(Task details): After locating the line that holds "The Ultimate Guide to Employee Engagement", repeat it and each following line exactly until the material ends, skipping pictures.

(Given information):
════════
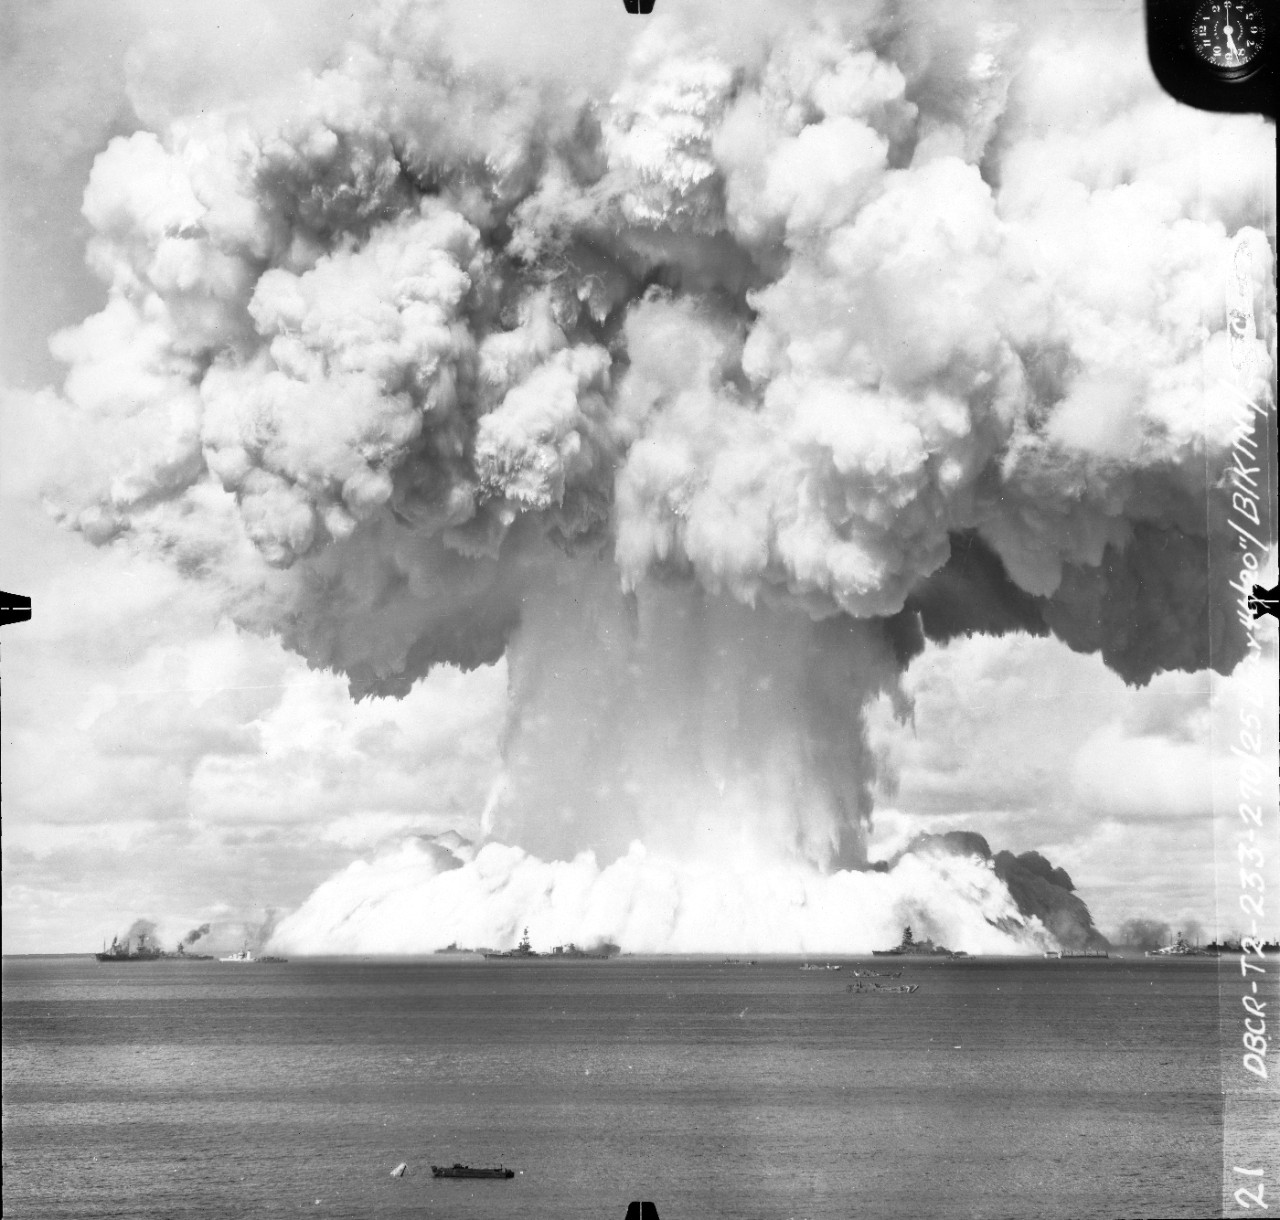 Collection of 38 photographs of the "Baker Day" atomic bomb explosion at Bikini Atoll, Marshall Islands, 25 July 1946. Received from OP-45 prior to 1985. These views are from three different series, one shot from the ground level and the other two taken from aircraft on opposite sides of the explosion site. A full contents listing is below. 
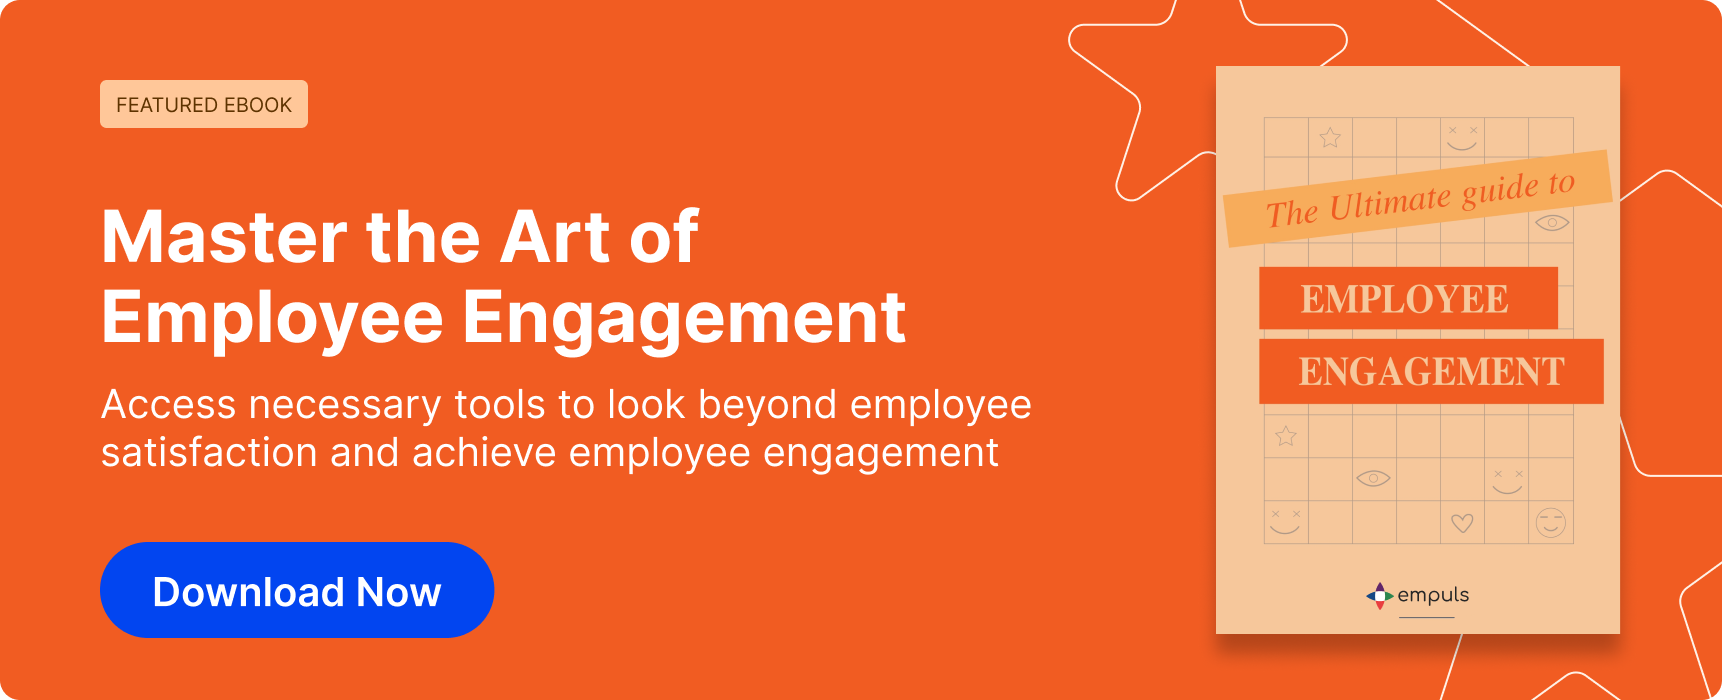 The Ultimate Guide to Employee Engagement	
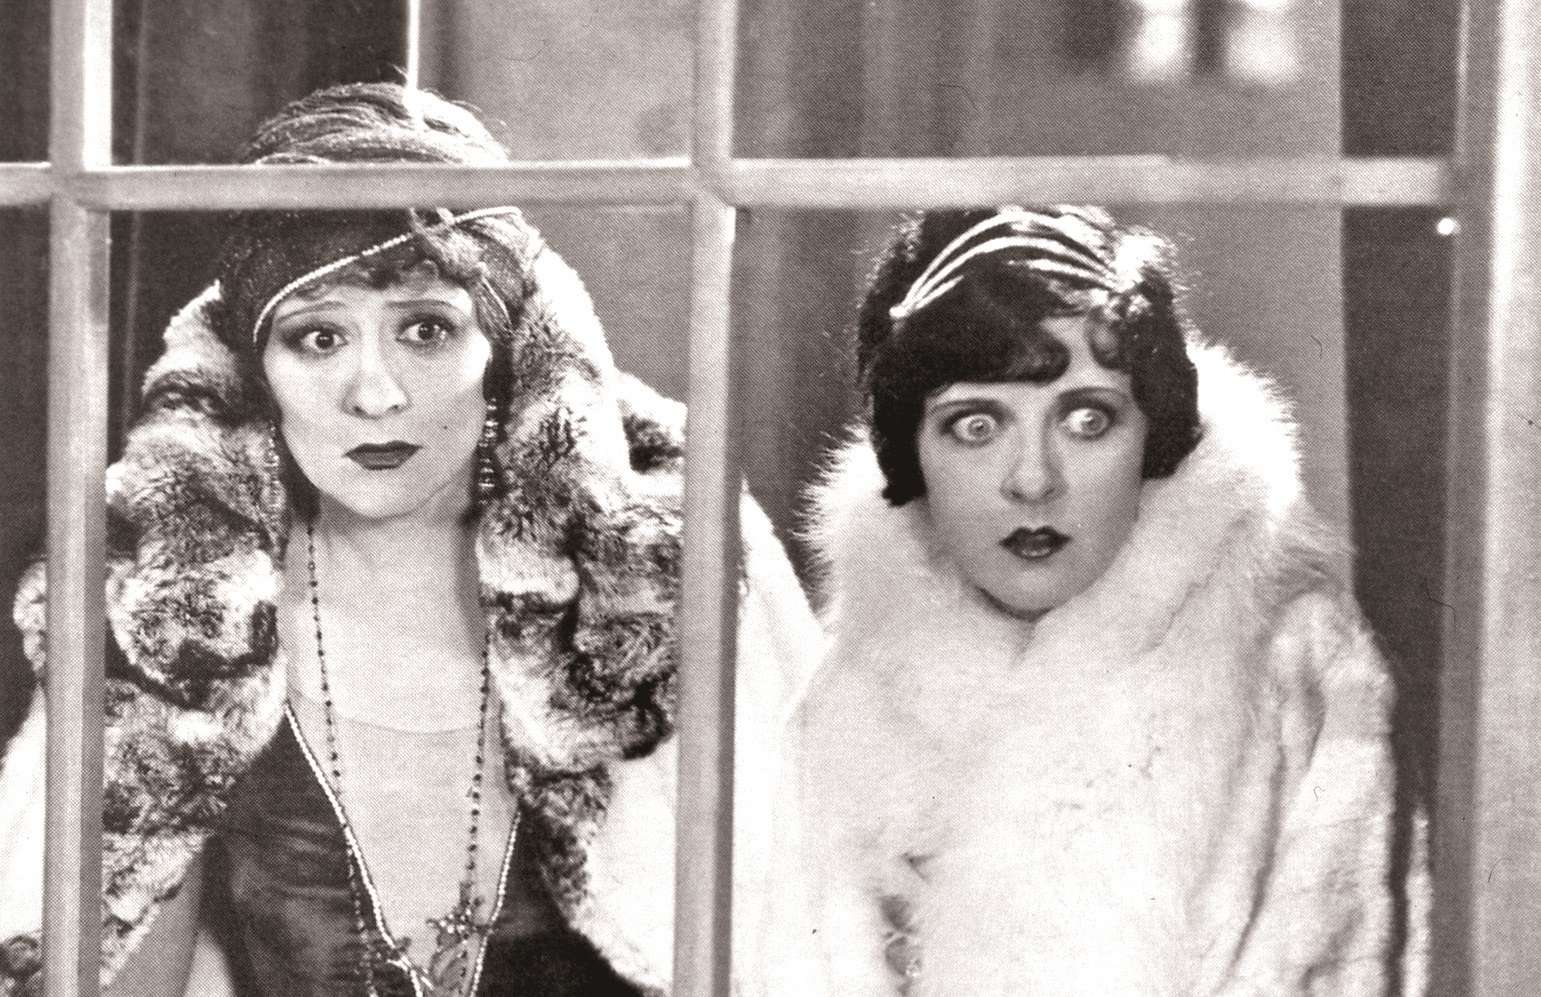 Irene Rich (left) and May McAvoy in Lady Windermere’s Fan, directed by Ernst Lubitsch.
════════
(Response to the task):
 The Ultimate Guide to Employee Engagement	
 Irene Rich (left) and May McAvoy in Lady Windermere’s Fan, directed by Ernst Lubitsch.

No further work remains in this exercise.